DATA SECTION:
★ ★ ★ ★
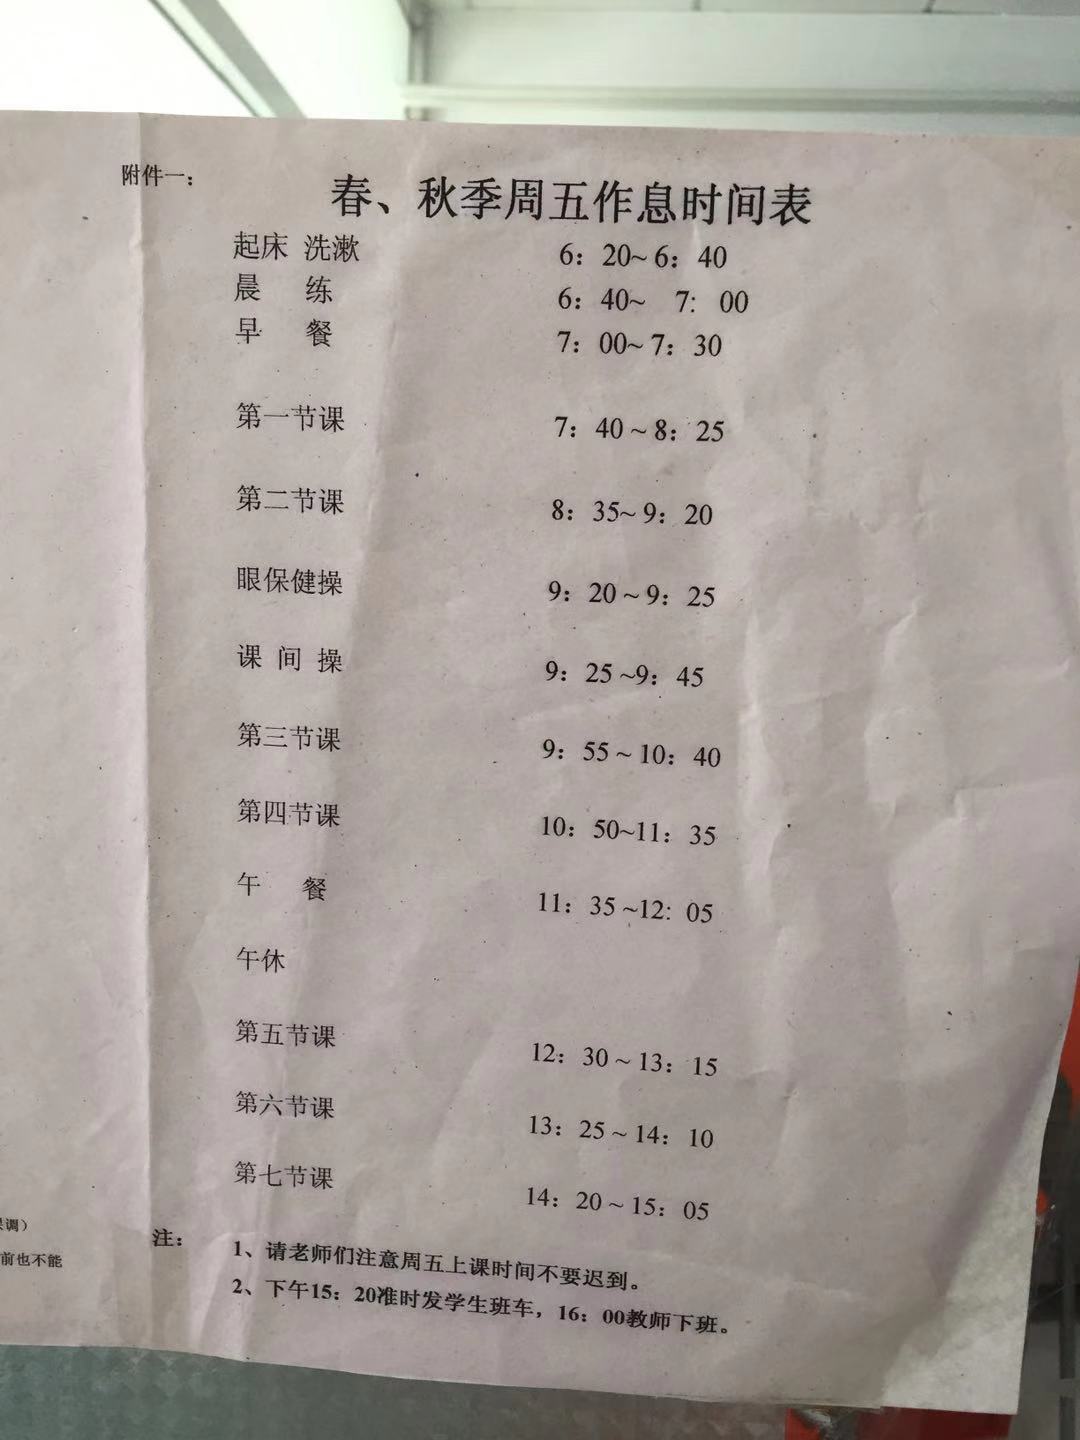 师达中学作息时间表
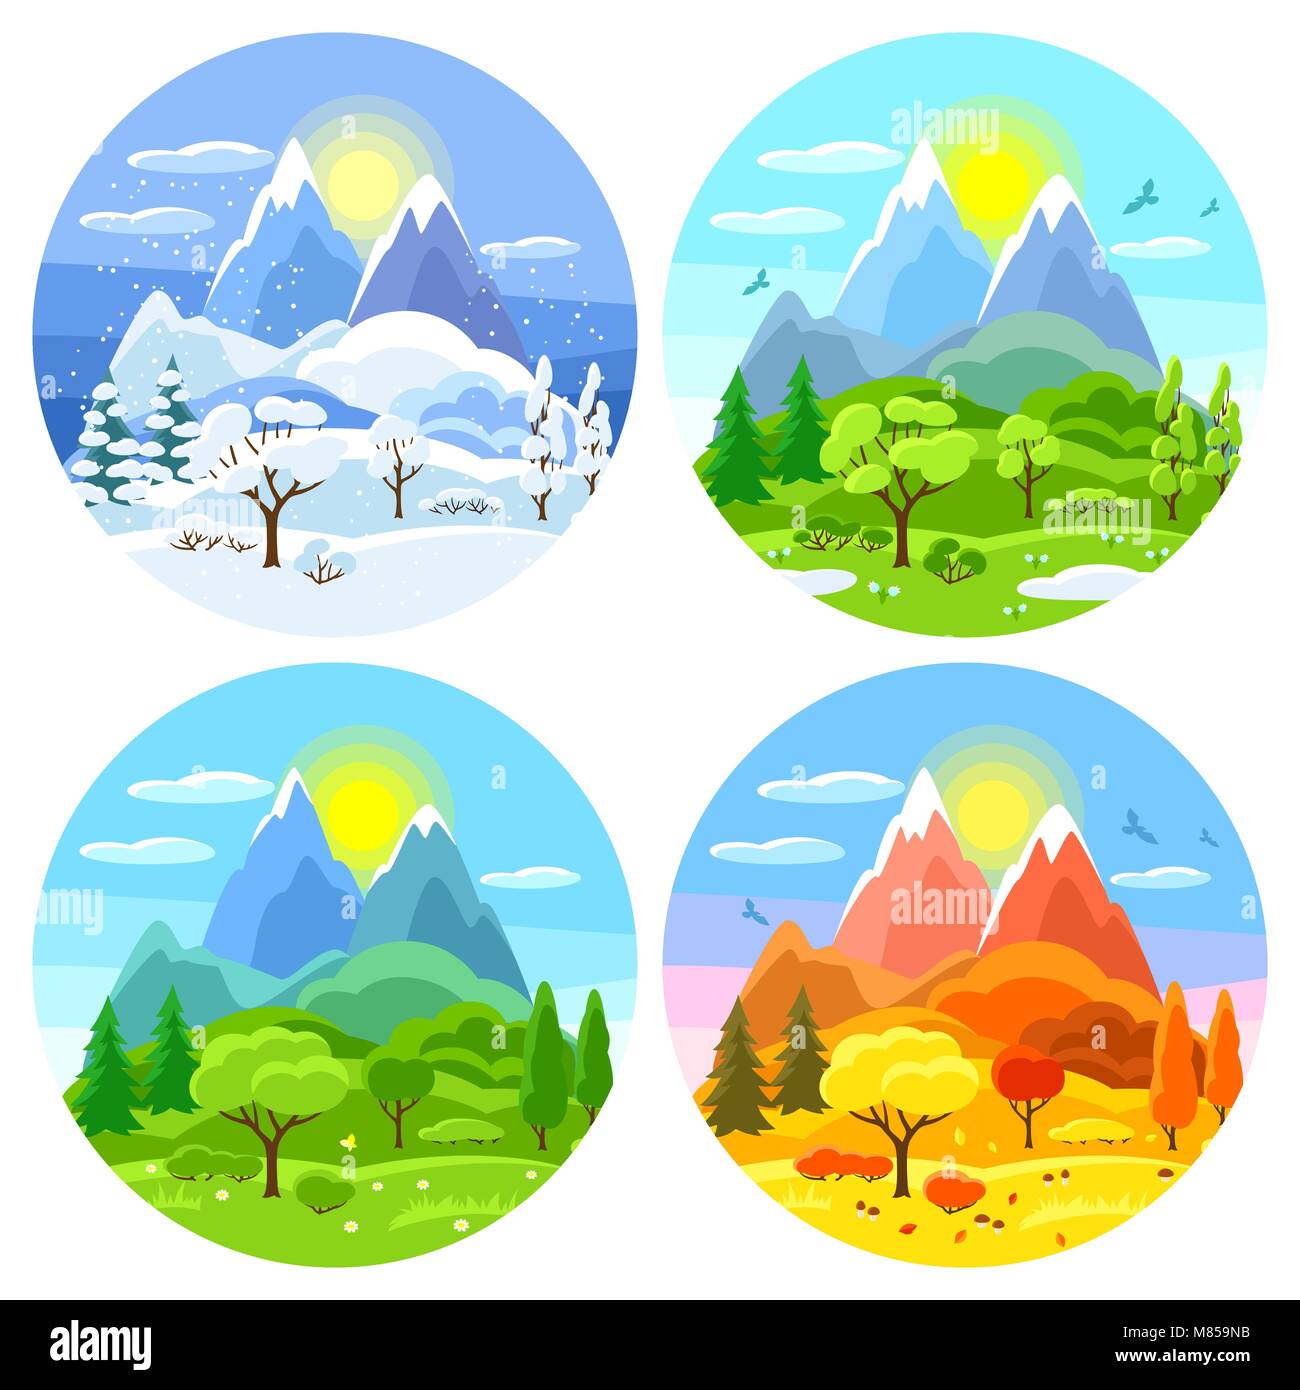 Vier Jahreszeiten Landschaft. Abbildungen mit Bäumen, Bergen und Hügeln im Winter, Frühling, Sommer, Herbst. Stock Vektor
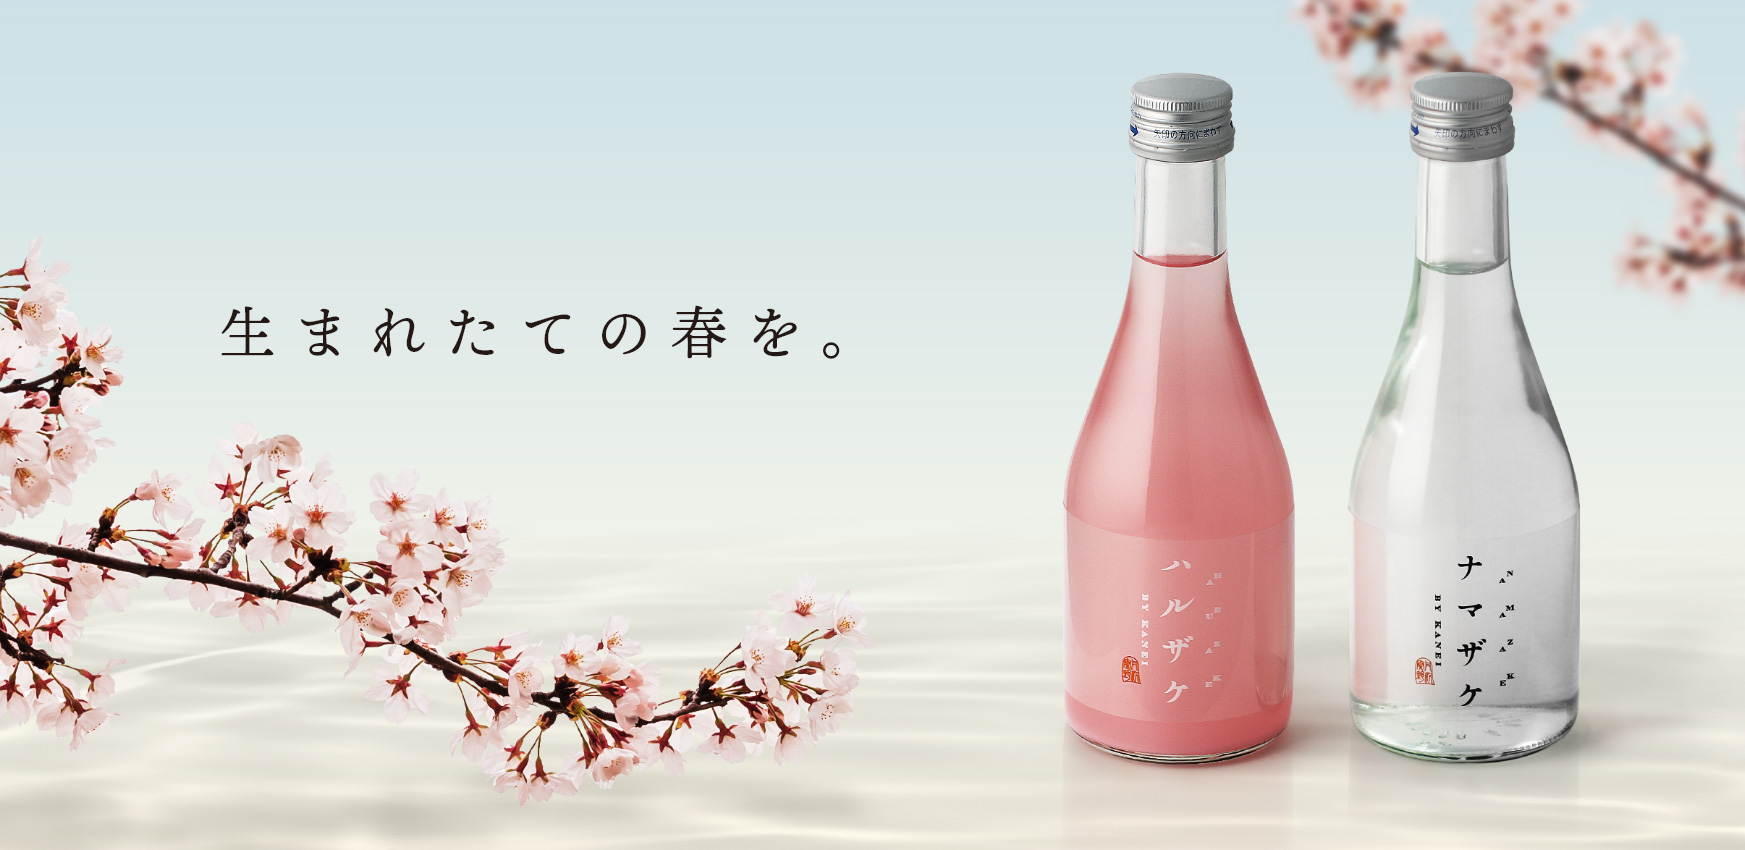 金井酒造店、春の新酒「ハルザケ・ナマザケ」予約販売開始
★ ★ ★ ★
WHAT THIS TASK INVOLVES: Counting the line with "Vier Jahreszeiten Landschaft." and the last line of the data above, transcribe those two lines and every line between them exactly, without the pictures.

TASK RESULT:
 Vier Jahreszeiten Landschaft. Abbildungen mit Bäumen, Bergen und Hügeln im Winter, Frühling, Sommer, Herbst. Stock Vektor
 金井酒造店、春の新酒「ハルザケ・ナマザケ」予約販売開始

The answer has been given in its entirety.